Gaining a better understanding of the multiple contexts of women’s lives is an important step in overcoming incorrect assumptions about the geographies of their every day lives. Our societal failure to do so will render many rising health care policies ineffective at improving women's health (as well as their educational opportunities and economic livelihoods). We have found that health care providers are especially attuned to the challenges of communicating across language and cultural barriers. However, we suggest that as of yet this has not translated into effective strategies for overcoming barriers to digital inclusion with regard to managing health and the interrelated concerns that are at the forefront of many women's concerns.
Most of the women with whom we worked were enthusiastic e-technology learners and users, and recognized the potential of e-health systems to improve the quality of their health care.

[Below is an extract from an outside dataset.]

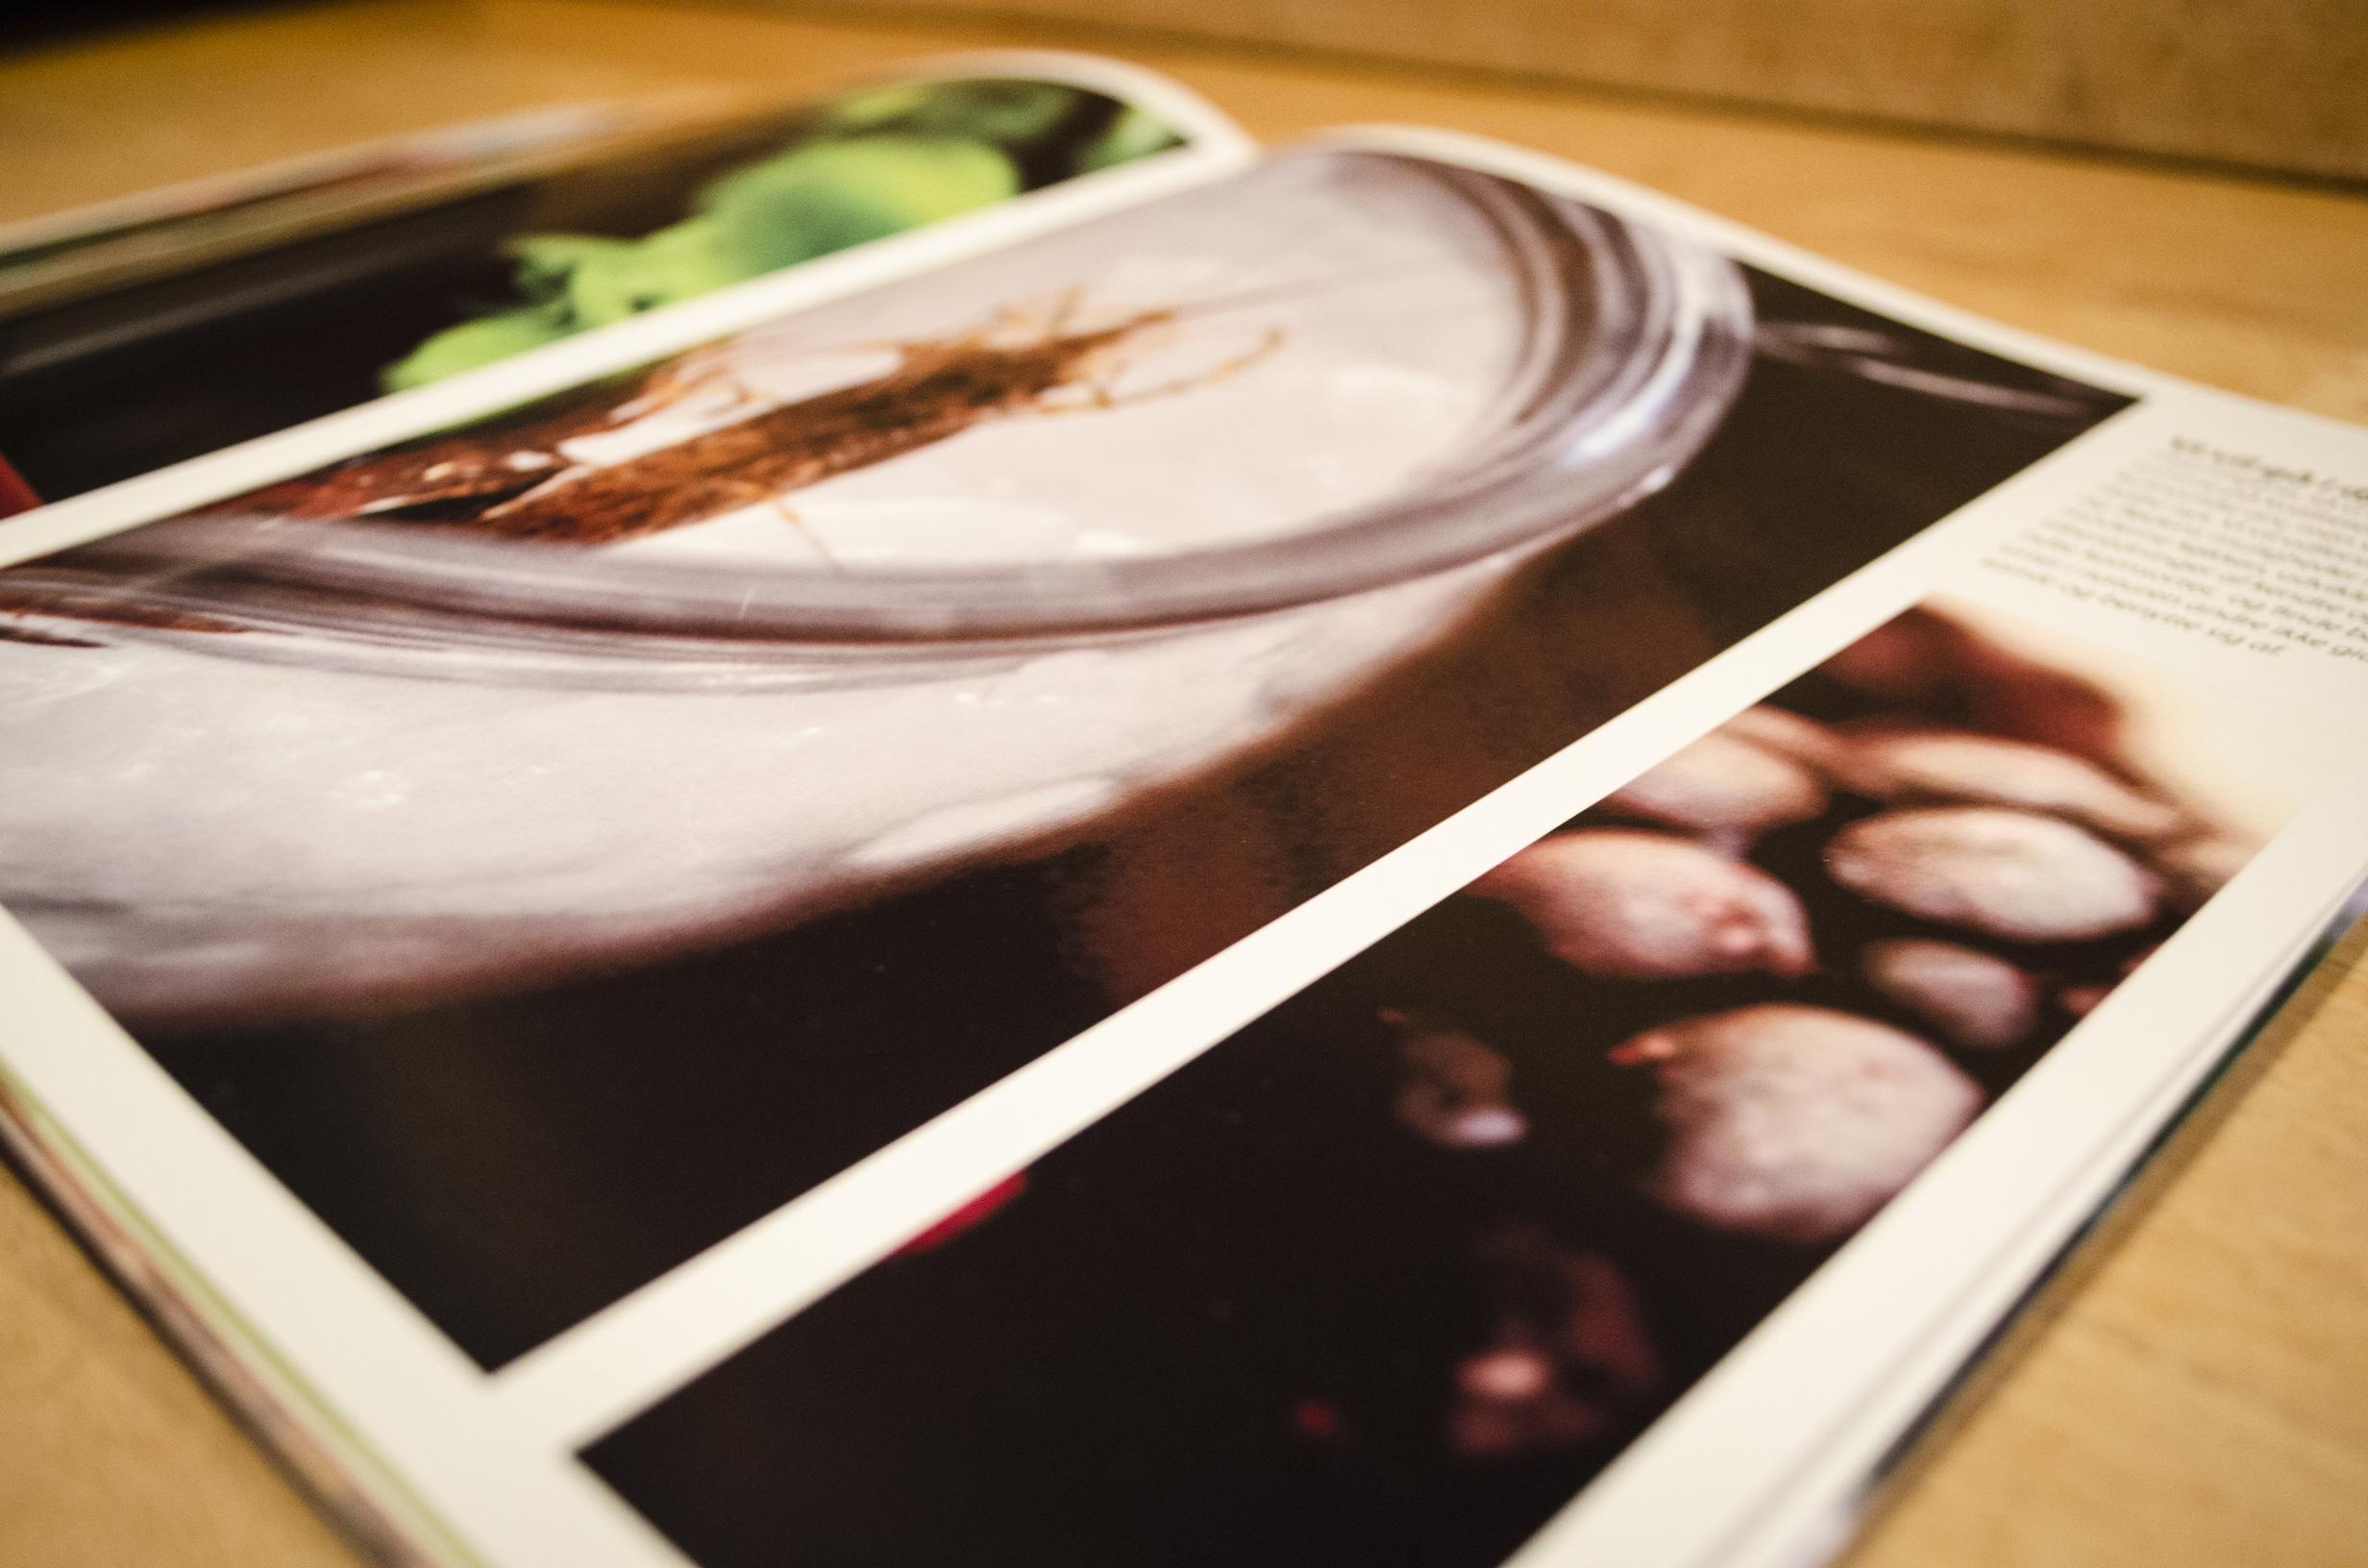 noma brochure 044.jpg

For some, it represented better care than they could receive in person because of the potential to reduce office visits and improve monitoring health conditions. It also represented one of the few opportunities that they encountered to gain e-technology skills they thought were important to advance their educations and work opportunities. Their efforts to use e-health systems meant that they worked to overcome language, access, safety and surveillance, and educational barriers in order to gain a foothold in the rapidly emerging e-health care paradigm.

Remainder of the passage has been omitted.